5.5 Cross-species homologous gene conversion
We refered to the previous methodological section for cross-species homologous gene transfer and single-cell RNA-seq data processing.19
5.6 Single-cell RNA-seq data preprocessing
Genome information used for read alignment was downloaded from the NCBI Assembly (Supporting information 1b). The raw data was processed using Cell Ranger v3.0.2 (10X Genomics) and Seurat.71, 72
5.7 Cell-type annotation
For annotation of the self-produced datasets, our annotation used several classic cell-type markers from the CellMarker database.73 The four published datasets used cell-type markers from corresponding published article. The annotation results are presented in Figure 1B using UMAP plots.
5.8 Differentially expressed genes (DEGs) and Gene Ontology (GO) term enrichment analysis
All DEGs for each cell type were identified using the FindAllMarkers function in Seurat (Supporting information 2). The hypergeometric test implemented in the clusterProfiler74 package with the compareCluster function (ENTREZID∼celltype, fun = “enrichGO”, “org.Hs.eg.db”, p-value cutoff = 0.05) was used to carry out GO term enrichment analysis (Supporting information 3).

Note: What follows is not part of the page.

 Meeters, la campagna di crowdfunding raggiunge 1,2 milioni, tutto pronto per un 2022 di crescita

5.9 Cellular communication analysis
We applied the Connectome (https://github.com/msraredon/Connectome) R package23 for cellular communication analysis. All ligands and receptors data was downloaded from the FANTOM5 database.75, 76 First, the five major immune cell types (B cells, T cells, NK cells, DCs, monocytes) were extracted from the annotated datasets of the 12 species for further analysis. The connectome networks were then constructed according to the expression of ligands and receptors.

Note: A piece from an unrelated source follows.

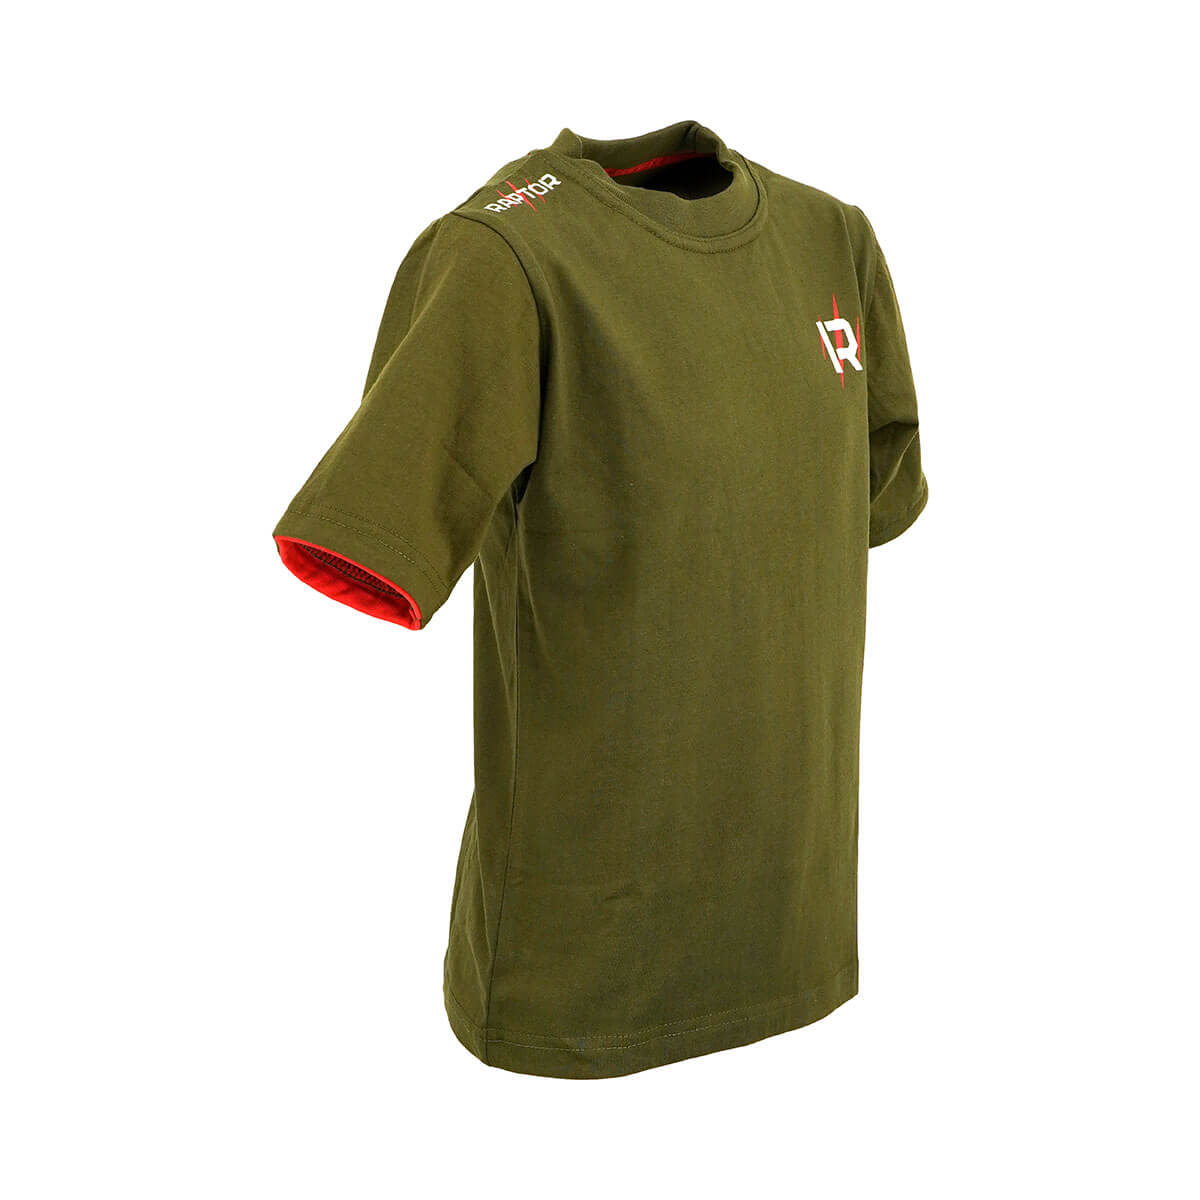 Raptor T-shirt Olijfgroen/Rood - 140 / 10 jaar

5.10 Transcription Factor (TF)-target interaction analysis
We applied the GENIE377 R package for TF-target interaction analysis using data from 11 species (cat, dog, goat, hamster, human, monkey, mouse, pigeon, rabbit, tiger, and zebrafish). The human's TF list was downloaded from animalTFDB3.0.78 The igraph R package79 was used to visualize representative regulatory TFs networks.
ACKNOWLEDGEMENTS
We thank the China National GeneBank for producing the sequencing data. This work was supported by the National Natural Science Foundation of China (#81771300, #81971140), Norman Bethune Foundation (2020009) and Natural Science Foundation of Guangdong Province (#2020A1515010053).
CONFLICT OF INTEREST
The authors declare that there is no conflict of interest.